**Work to be completed**
Leaving out the pictures, copy each record below exactly.

Stored items from a collection:
_ _ _

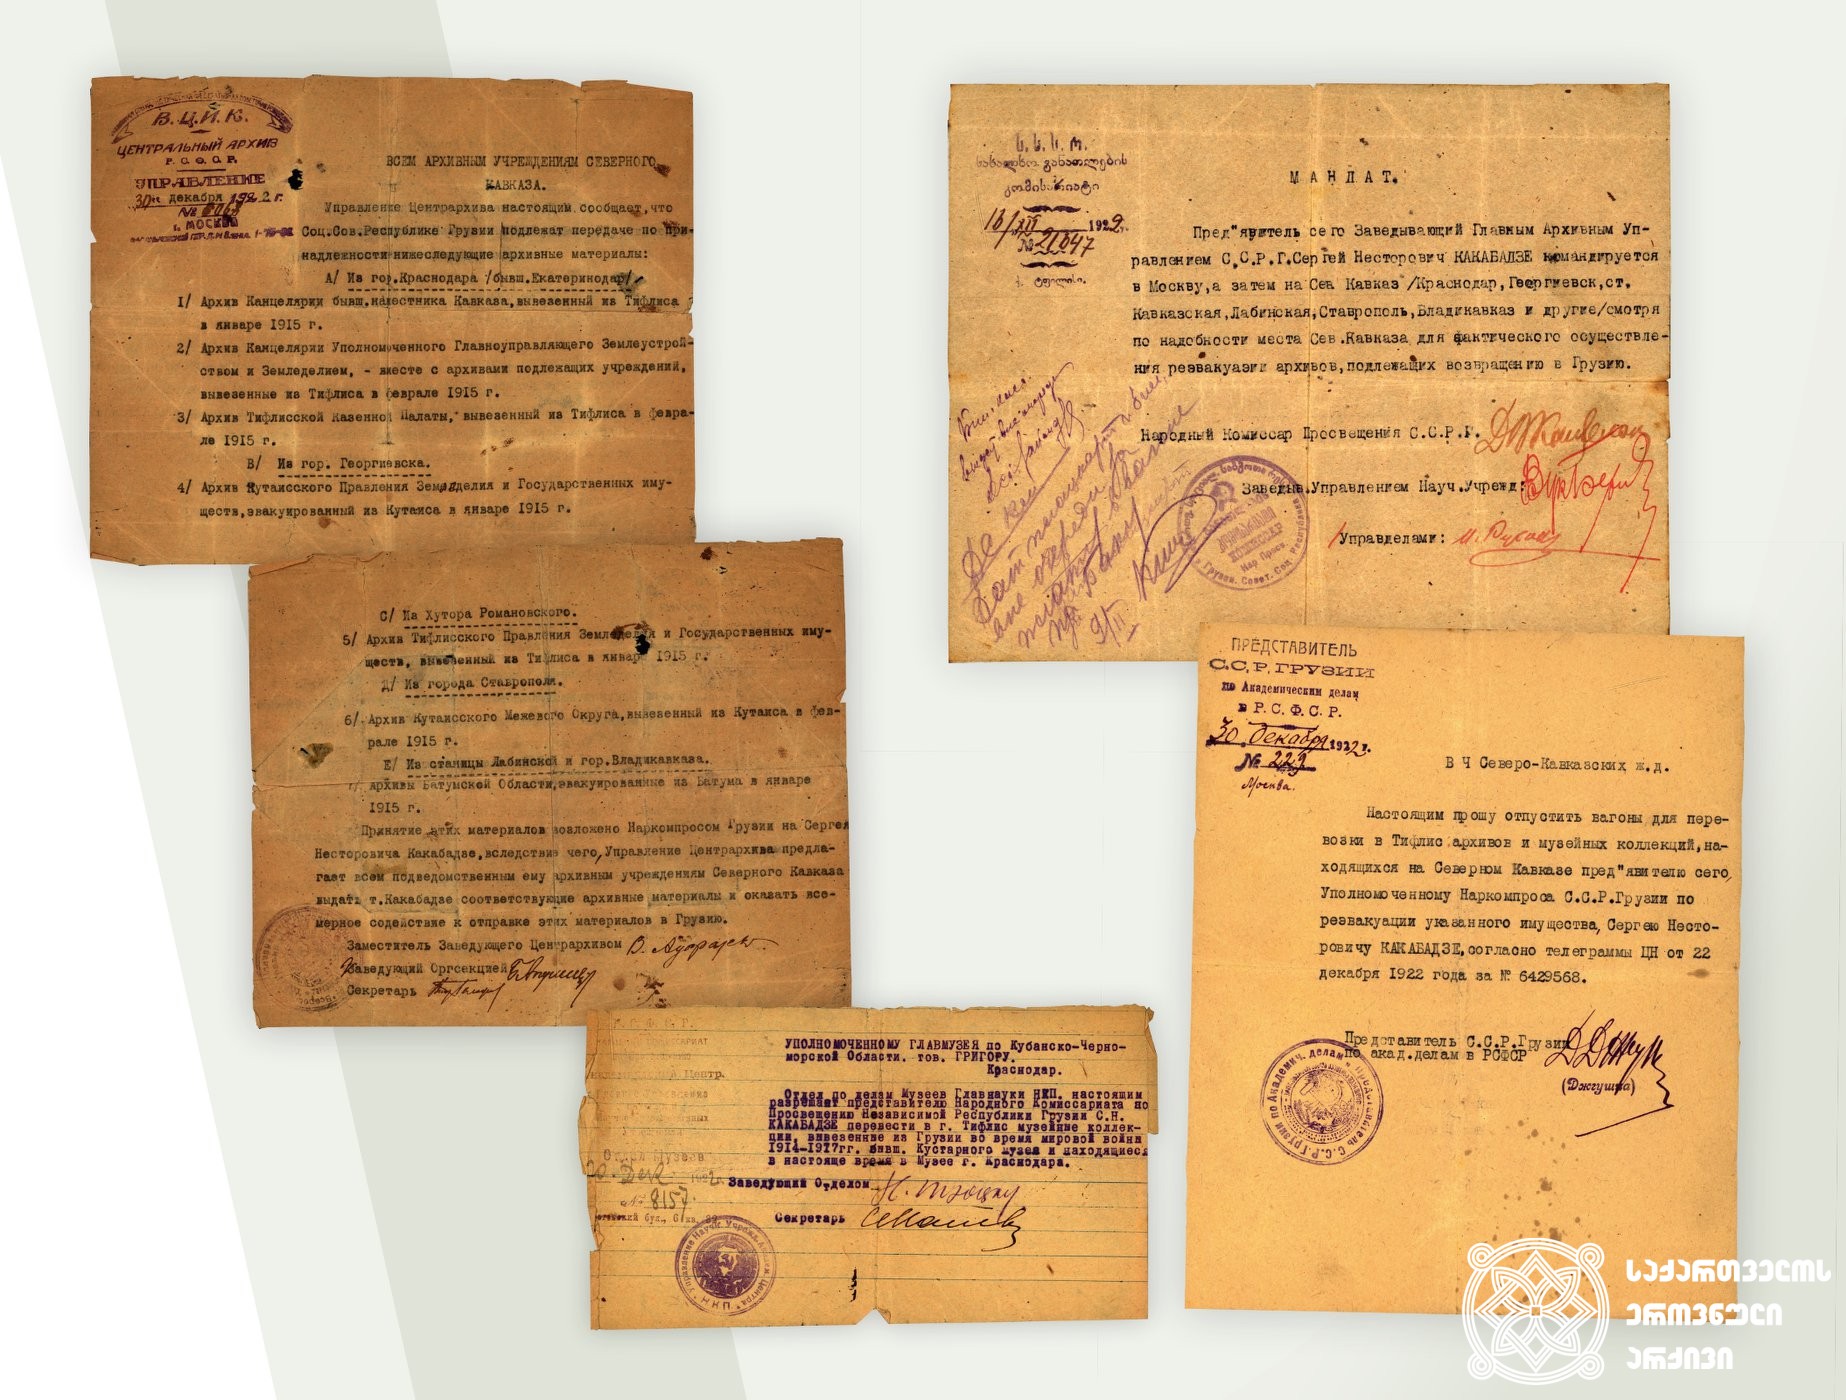 დოკუმენტები საქართველოდან 1915 წელს ჩრდილოეთ კავკასიაში გატანილი საარქივო ფონდების დაბრუნების შესახებ. 1922 წელი
<br>  სარგის კაკაბაძის საოჯახო არქივიდან
<br> 
Documents about the archival fonds taken to North Caucasus in 1915; 1922
<br>  From Sargis Kakabadze’s family archive
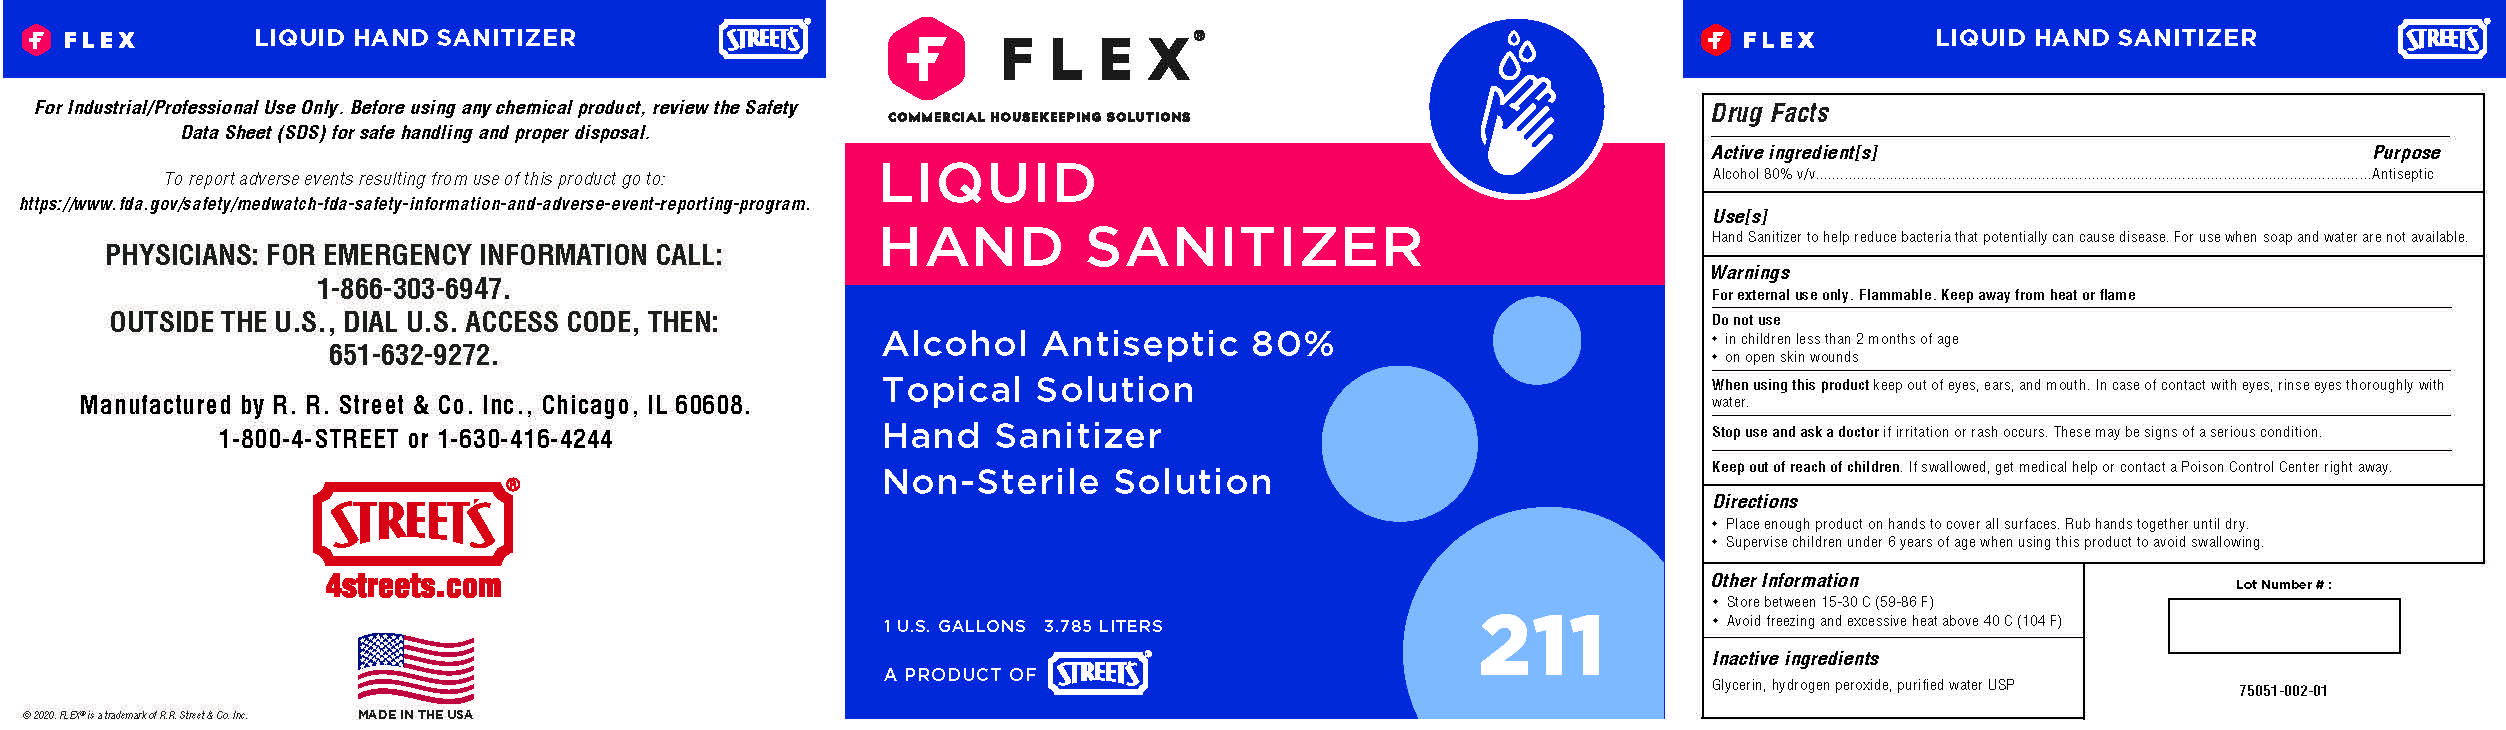 FLEX HAND SANITIZER 1 GAL

_ _ _

**Output of the exercise**
 დოკუმენტები საქართველოდან 1915 წელს ჩრდილოეთ კავკასიაში გატანილი საარქივო ფონდების დაბრუნების შესახებ. 1922 წელი
<br>  სარგის კაკაბაძის საოჯახო არქივიდან
<br> 
Documents about the archival fonds taken to North Caucasus in 1915; 1922
<br>  From Sargis Kakabadze’s family archive
 FLEX HAND SANITIZER 1 GAL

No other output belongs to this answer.